*** SOURCE MATERIAL ***

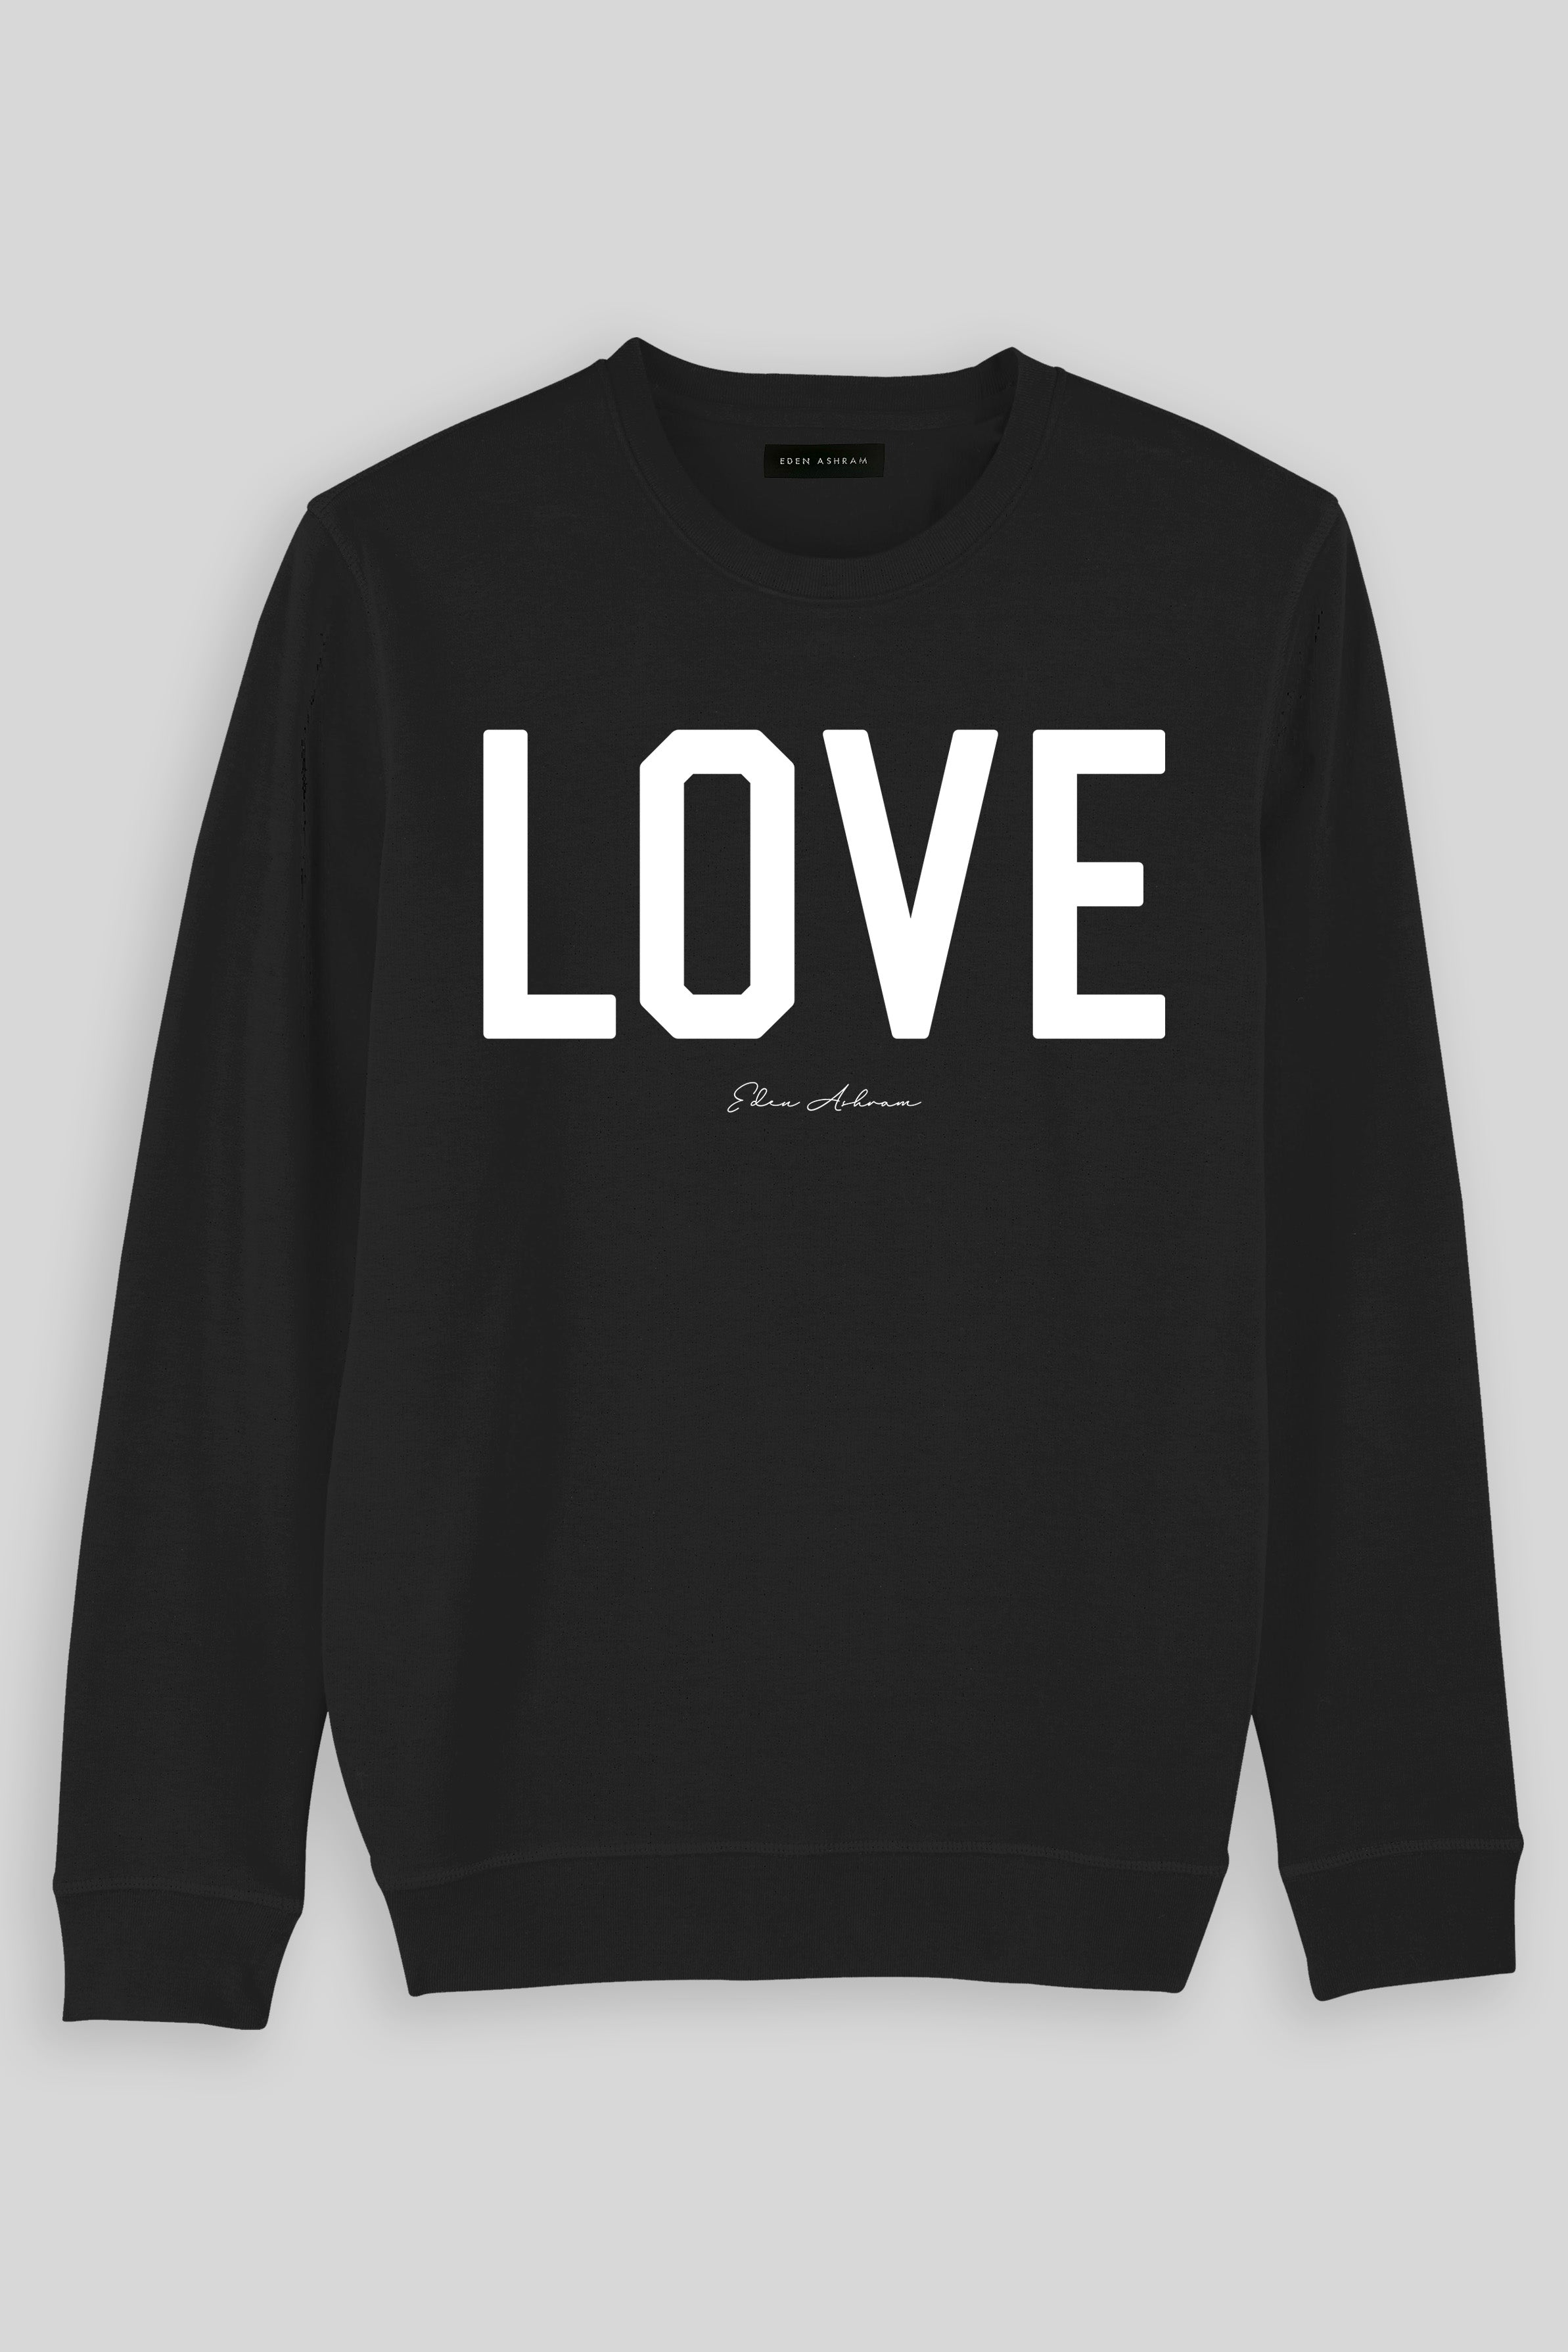 EDEN ASHRAM Love Premium Crew Neck Sweatshirt Black
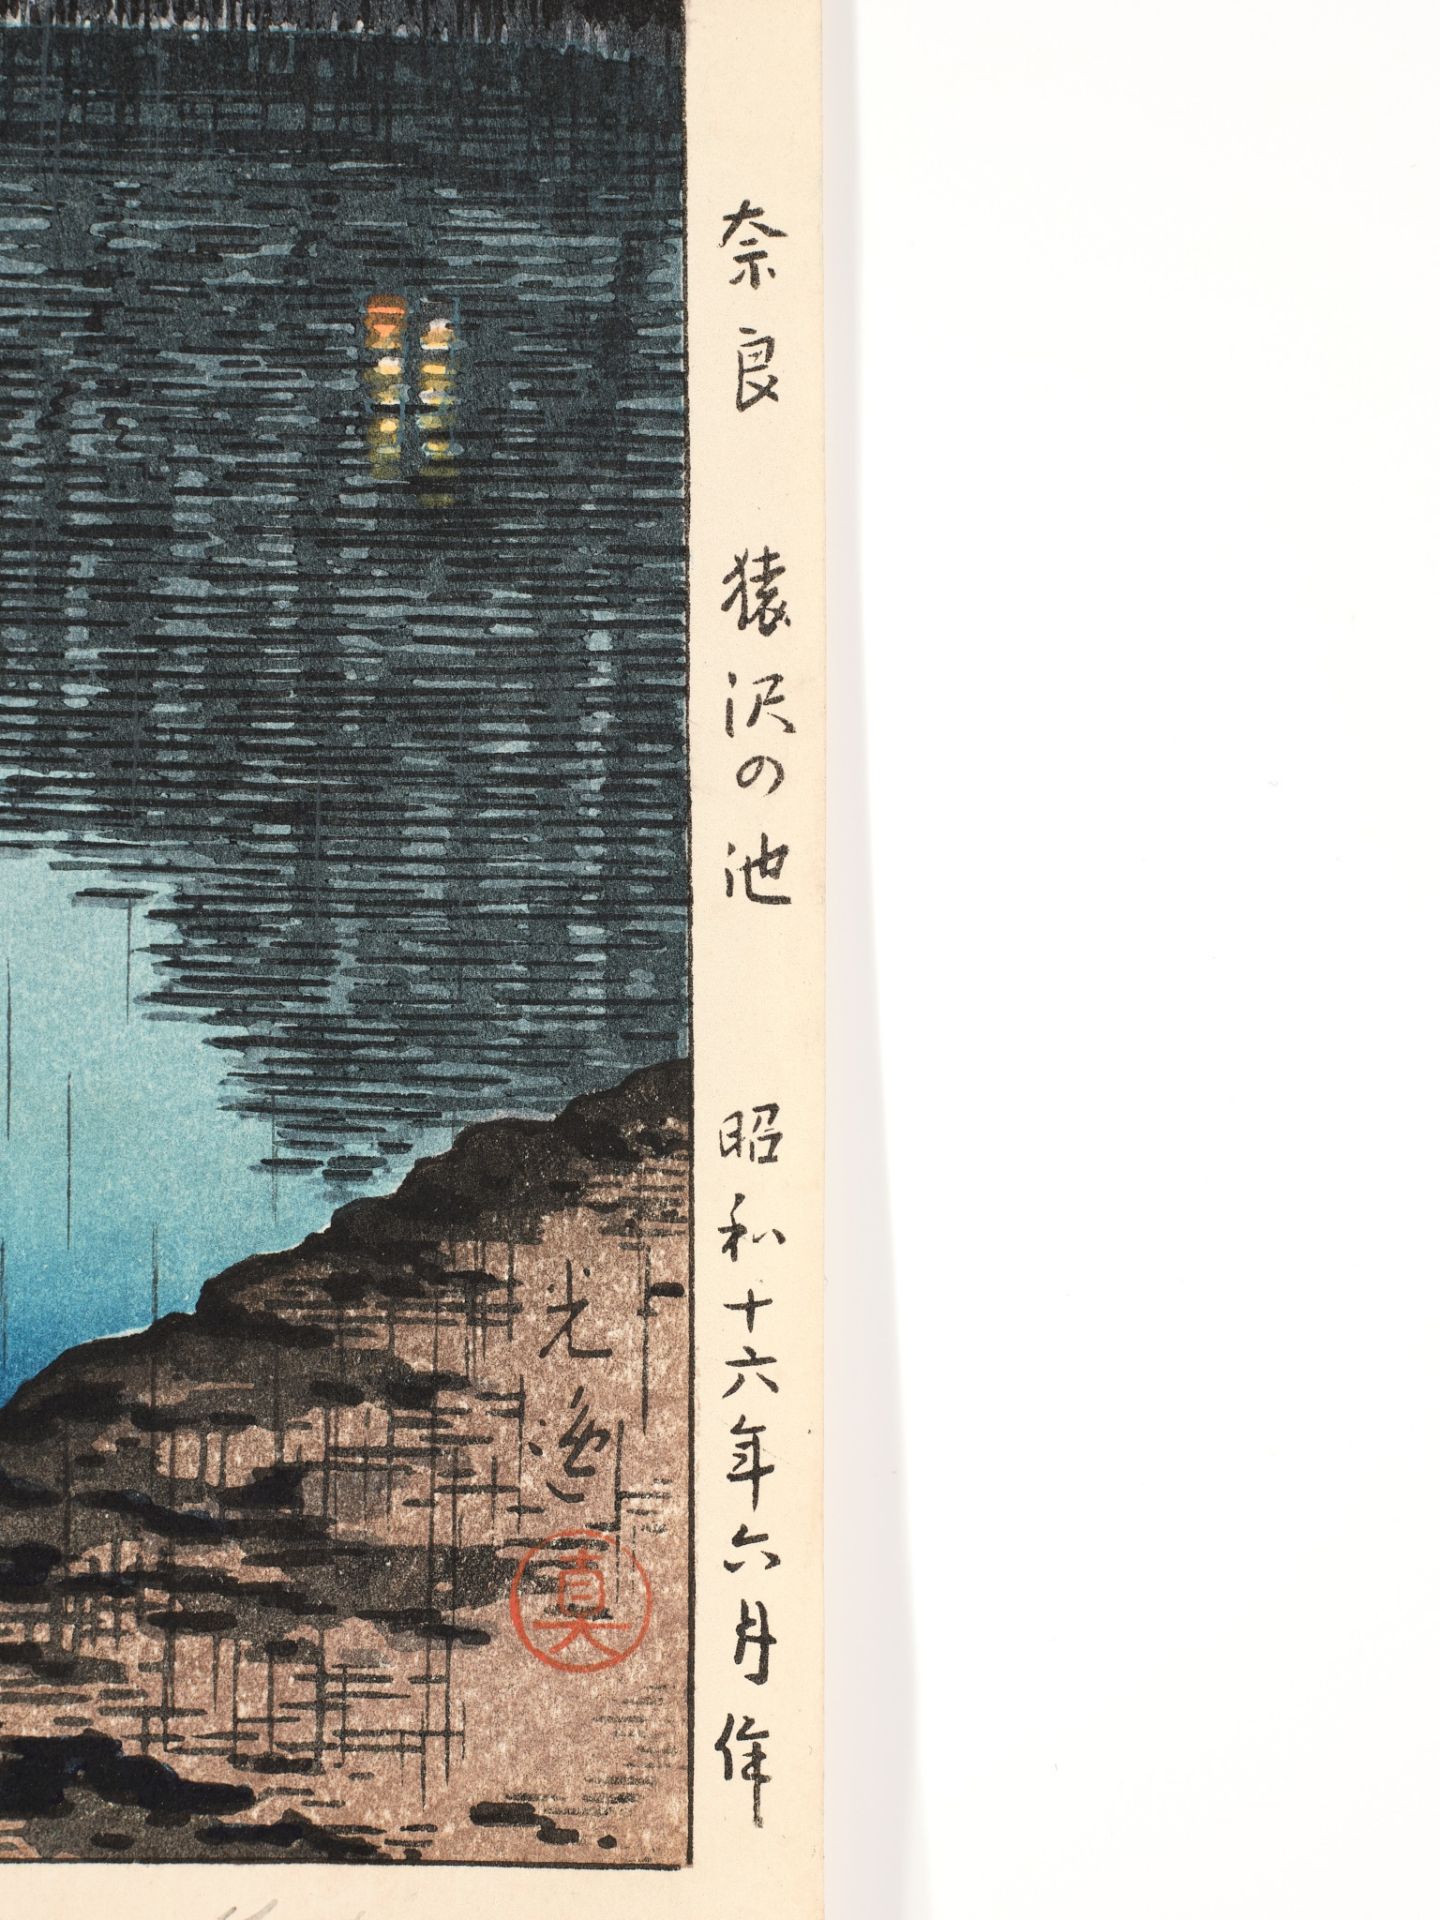 TSUCHIYA KOITSU (1870-1949), THE POND OF SARUSAWA, NARA ON A RAINY EVENING - Image 4 of 7
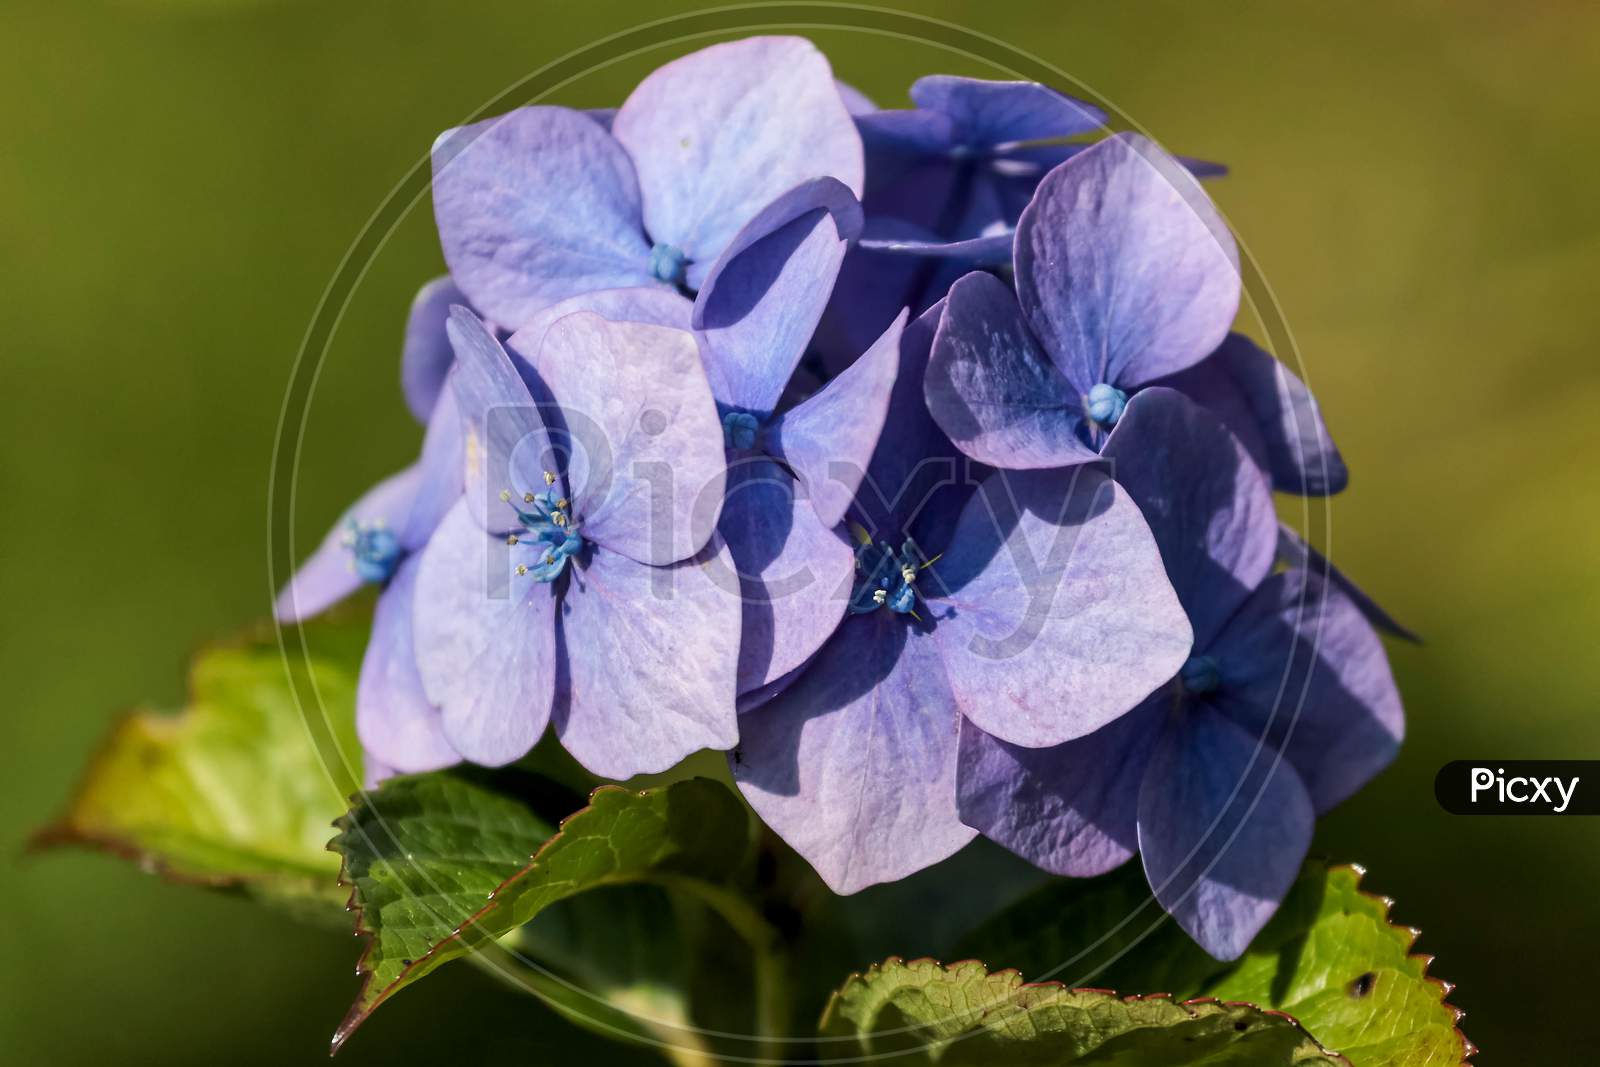 Blue Hydrangea In Full Bloom

*** End of SOURCE MATERIAL ***

- ABOUT THIS EXERCISE -
Every line above has to be output exactly; the pictures must be dropped.

- TASK RESULT -
 EDEN ASHRAM Love Premium Crew Neck Sweatshirt Black
 TSUCHIYA KOITSU (1870-1949), THE POND OF SARUSAWA, NARA ON A RAINY EVENING - Image 4 of 7
 Blue Hydrangea In Full Bloom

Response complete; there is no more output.